Of the lines in the material below, print only those from the one containing "Leather handbag Prada" to the one containing "Module5 Does your", ends included, exactly as written and without pictures.

Data for analysis |

BEGIN

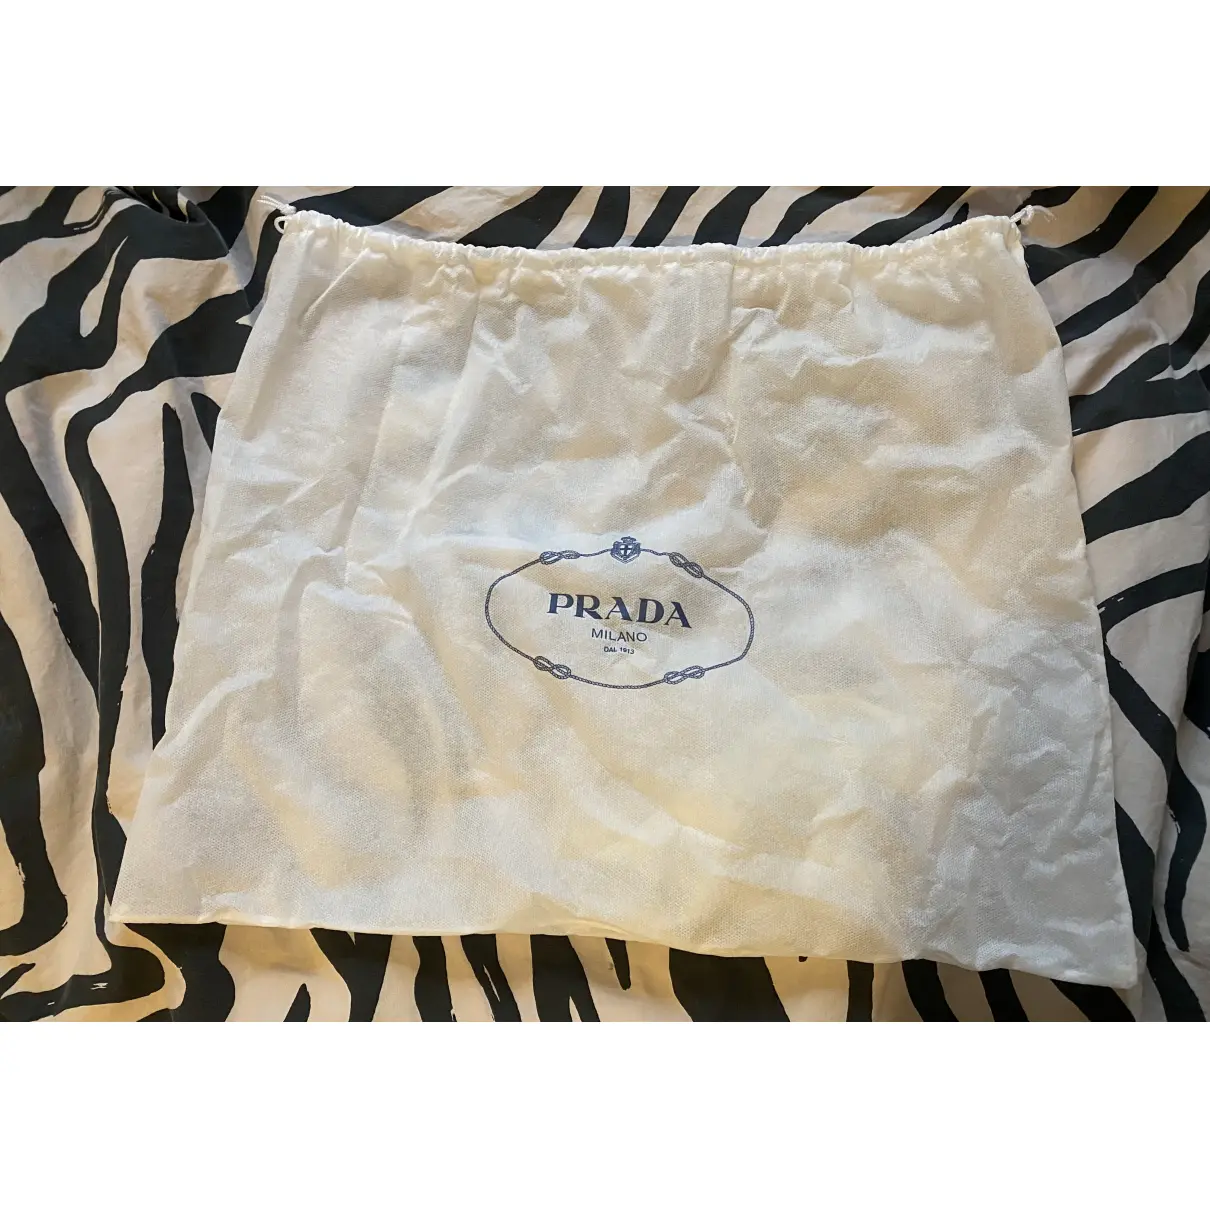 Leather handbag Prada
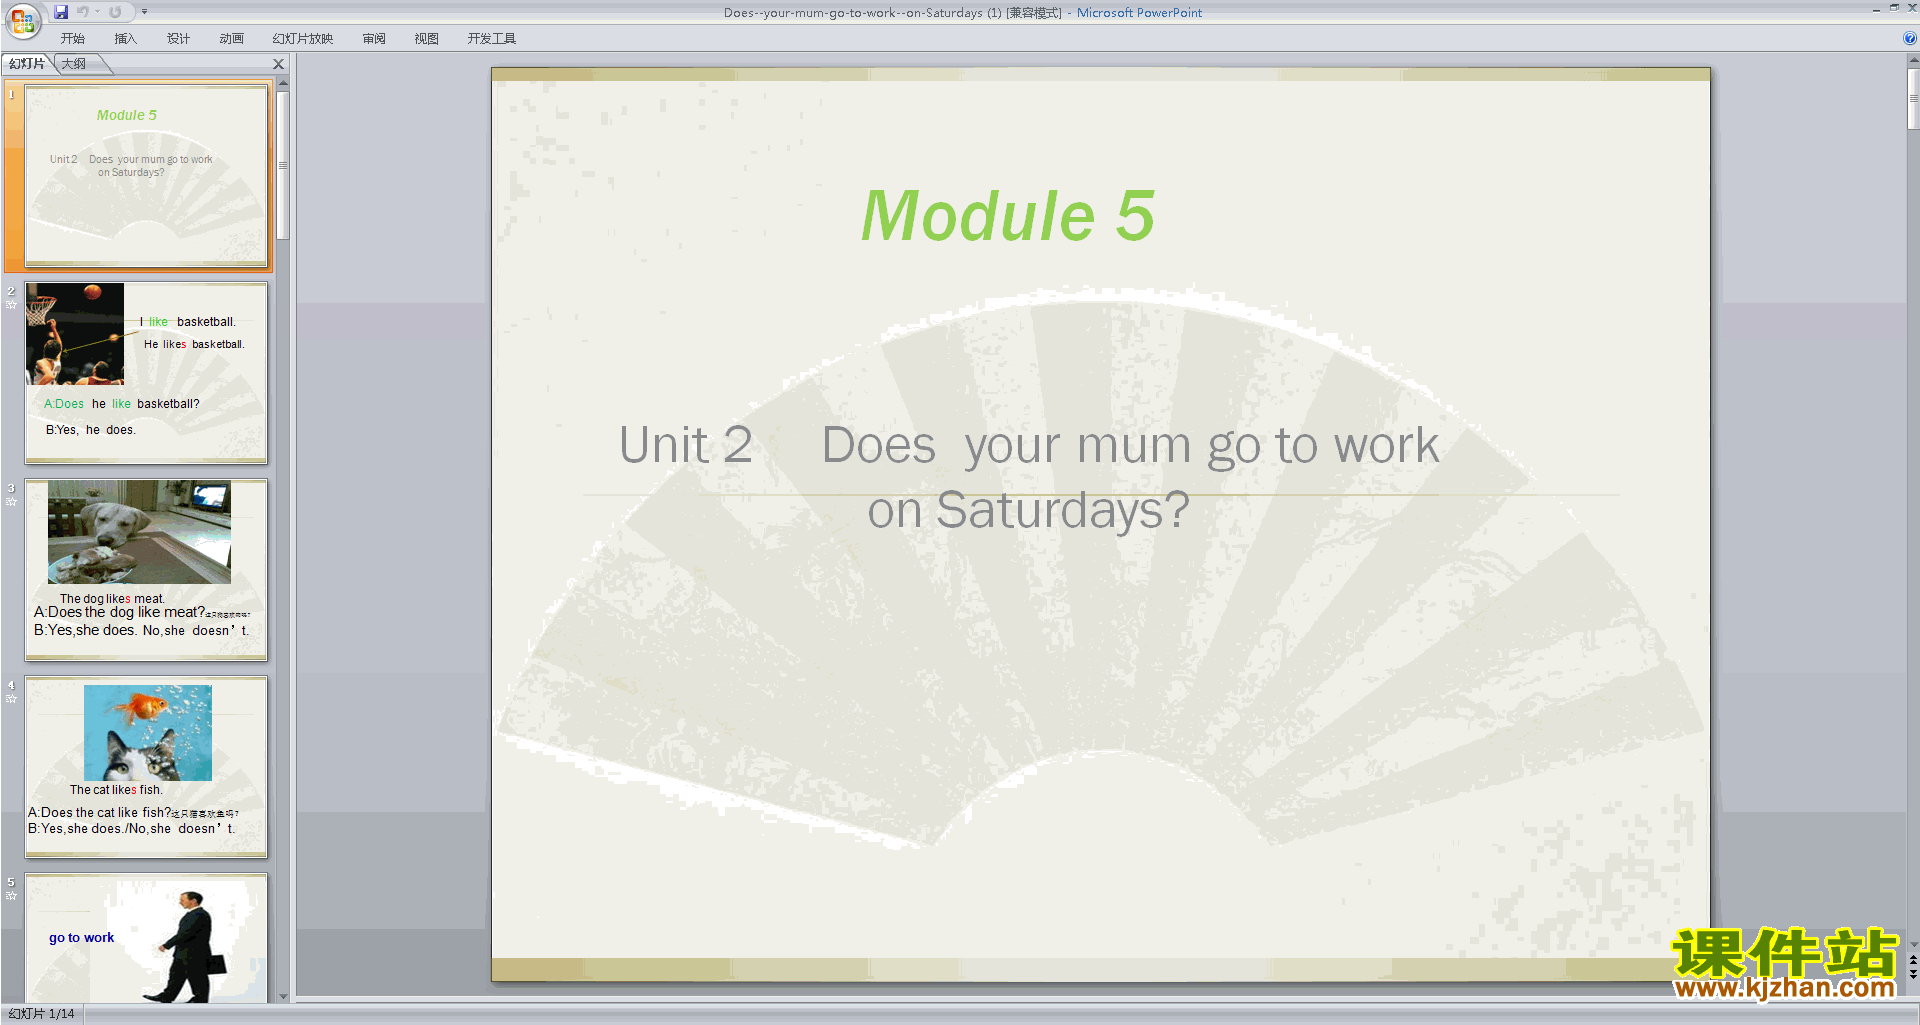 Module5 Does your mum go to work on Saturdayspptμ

END
BEGIN

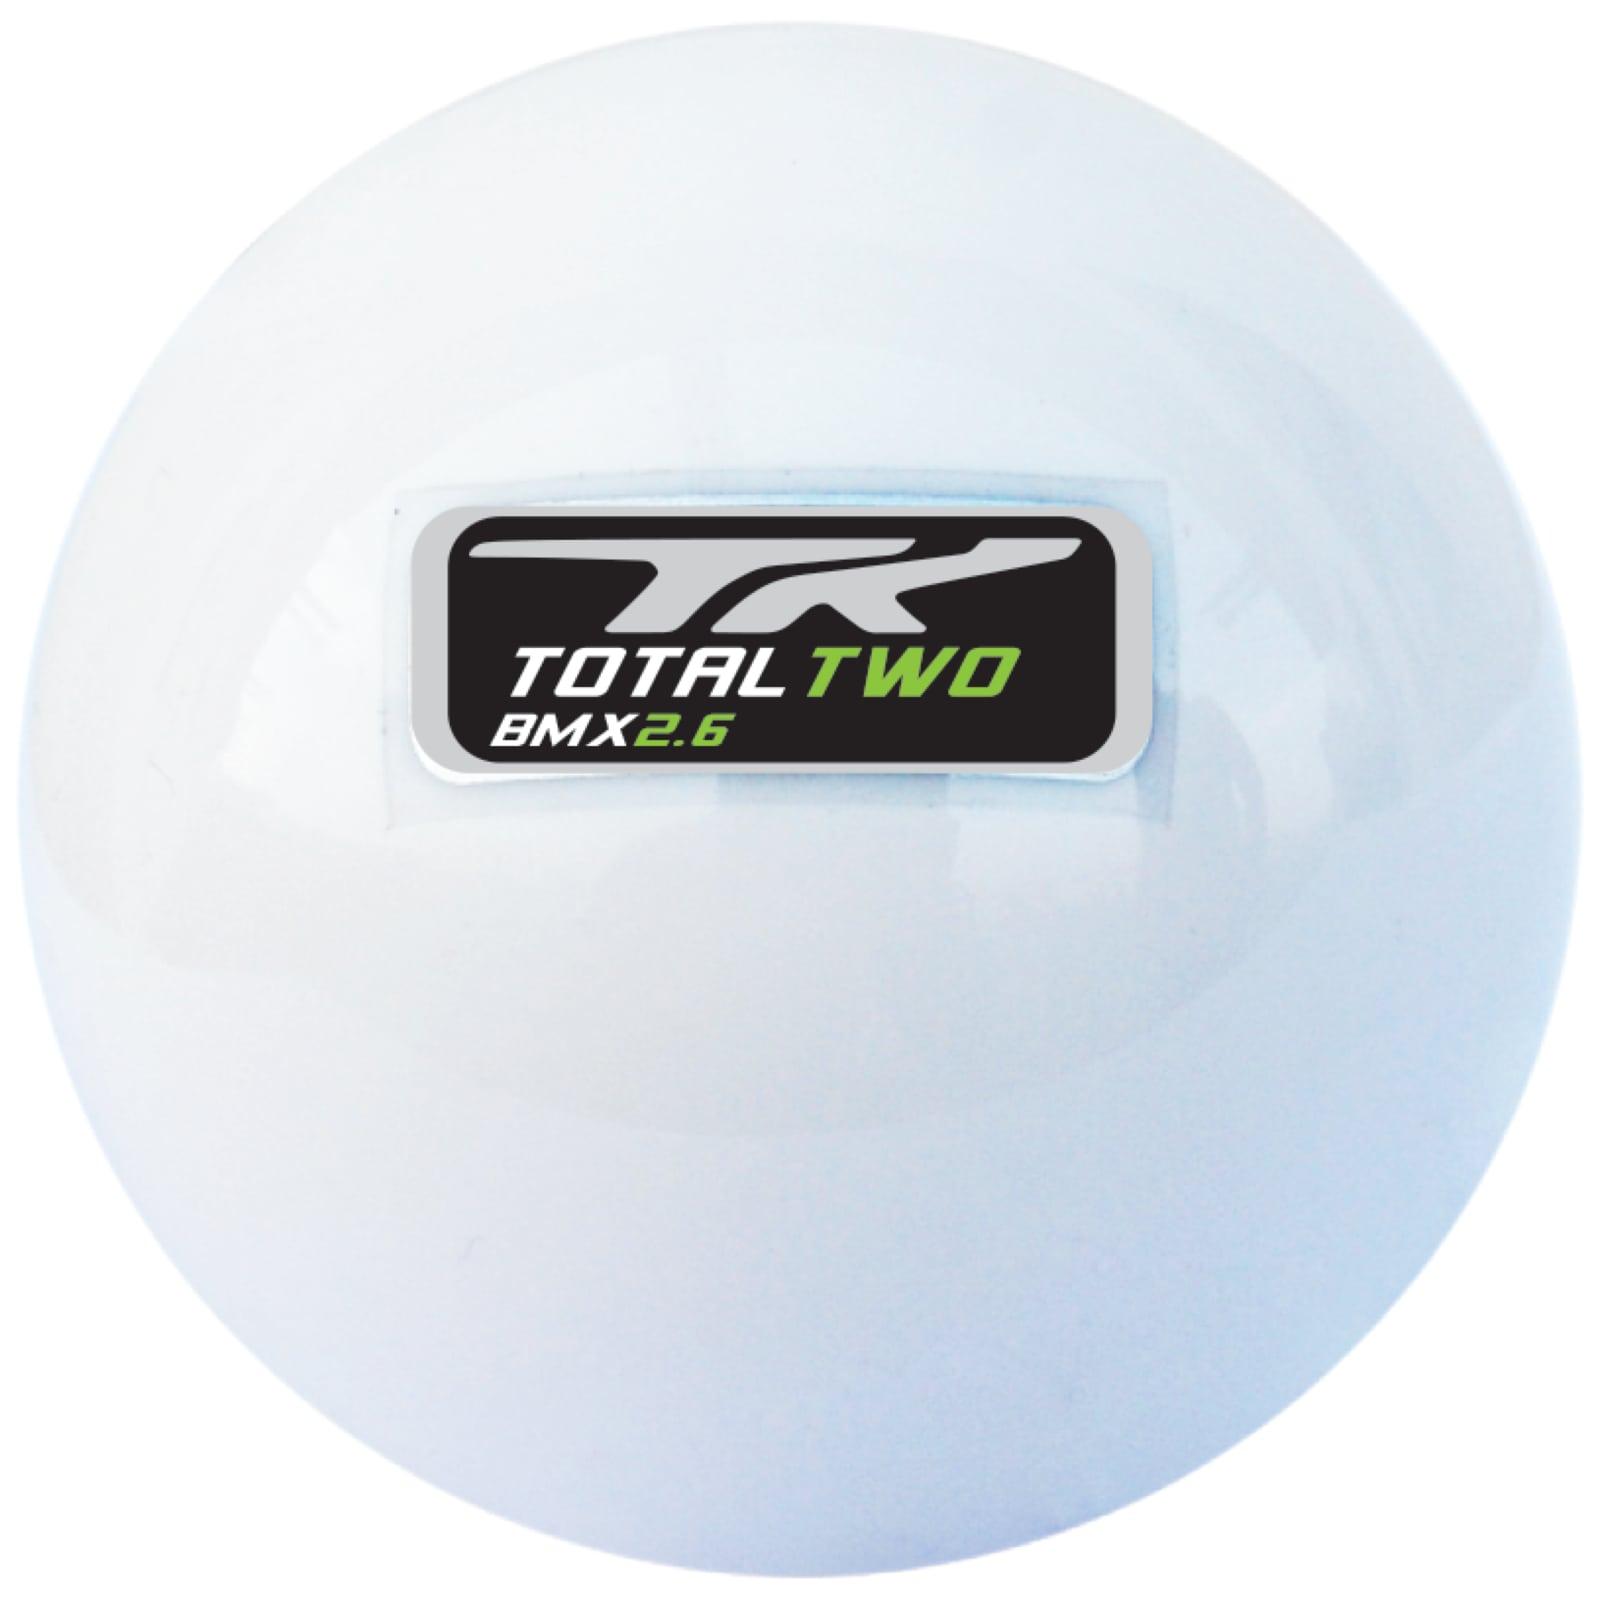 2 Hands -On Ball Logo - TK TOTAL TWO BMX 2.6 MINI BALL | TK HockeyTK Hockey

END
BEGIN

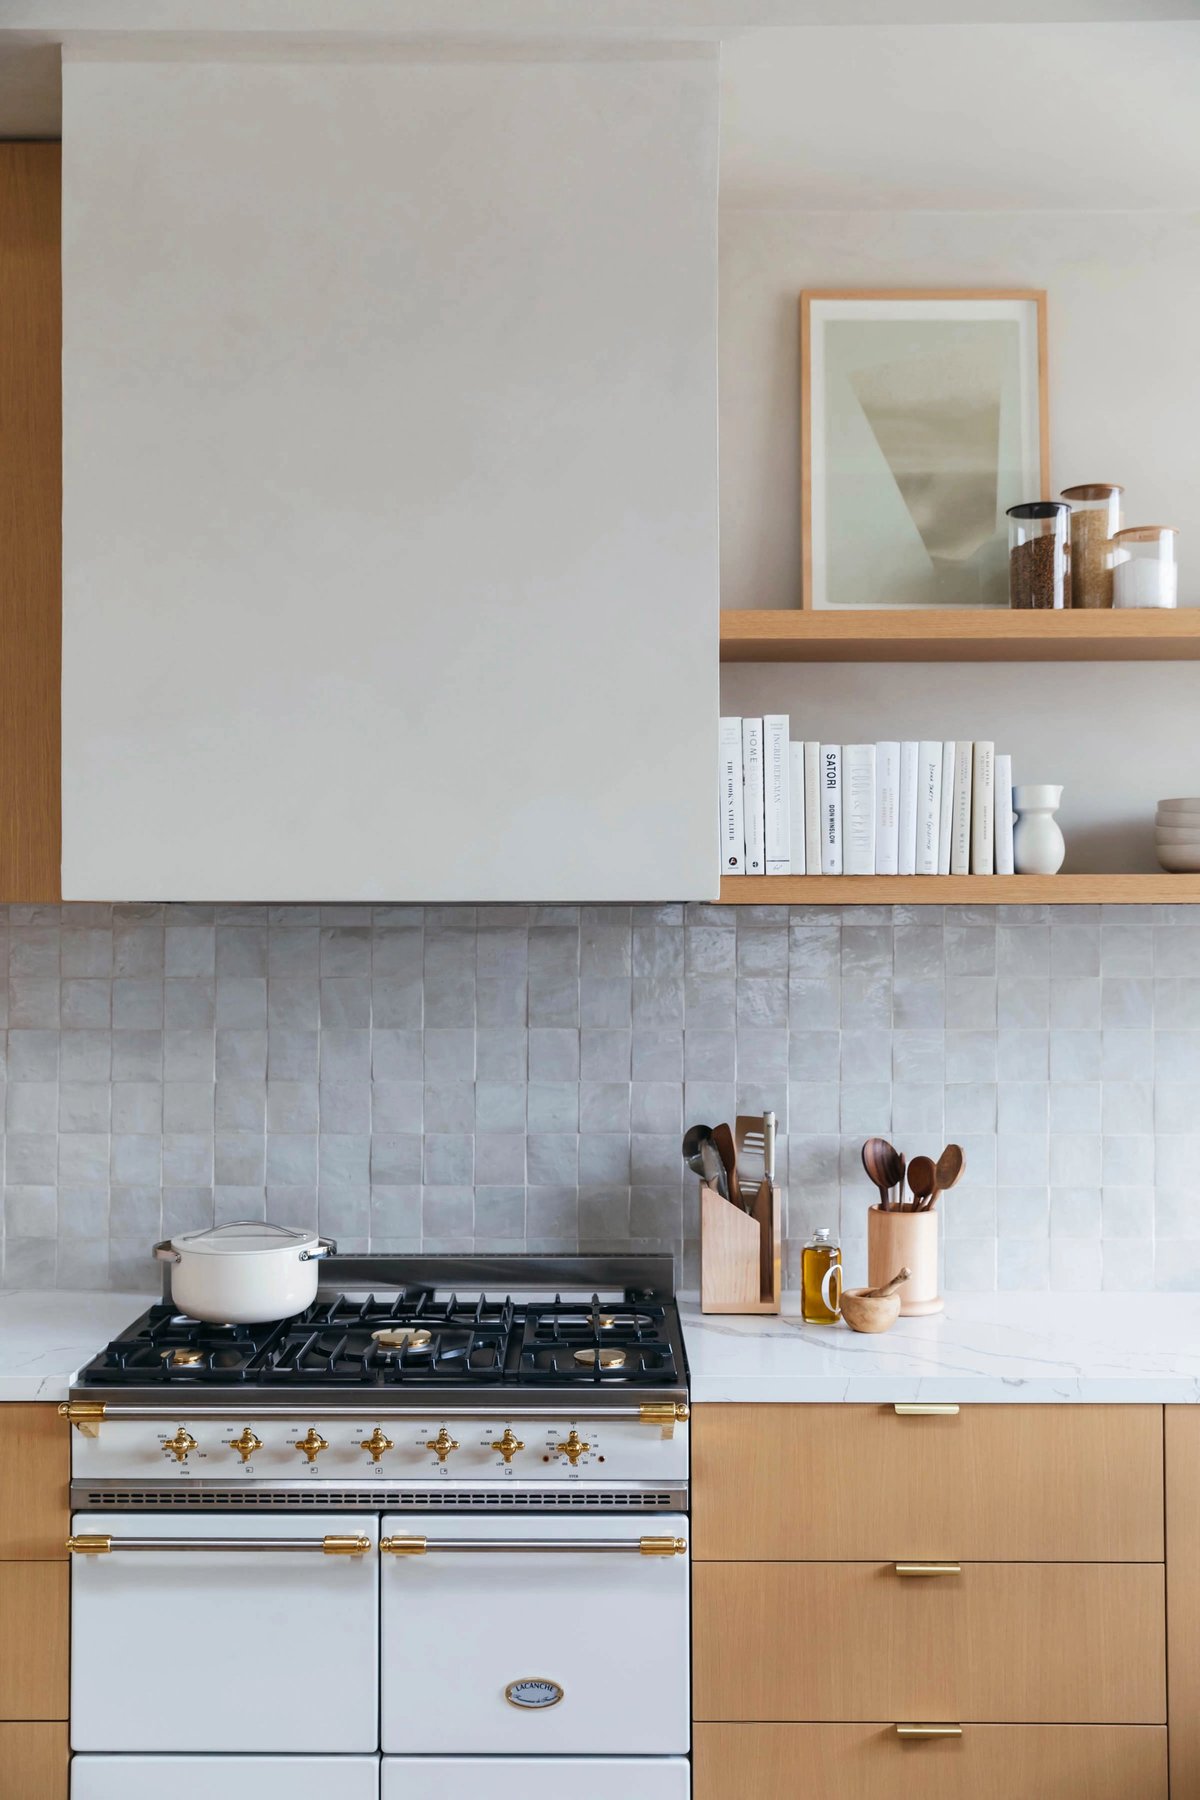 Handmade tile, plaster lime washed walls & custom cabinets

END

Response for this exercise |
 Leather handbag Prada
 Module5 Does your mum go to work on Saturdayspptμ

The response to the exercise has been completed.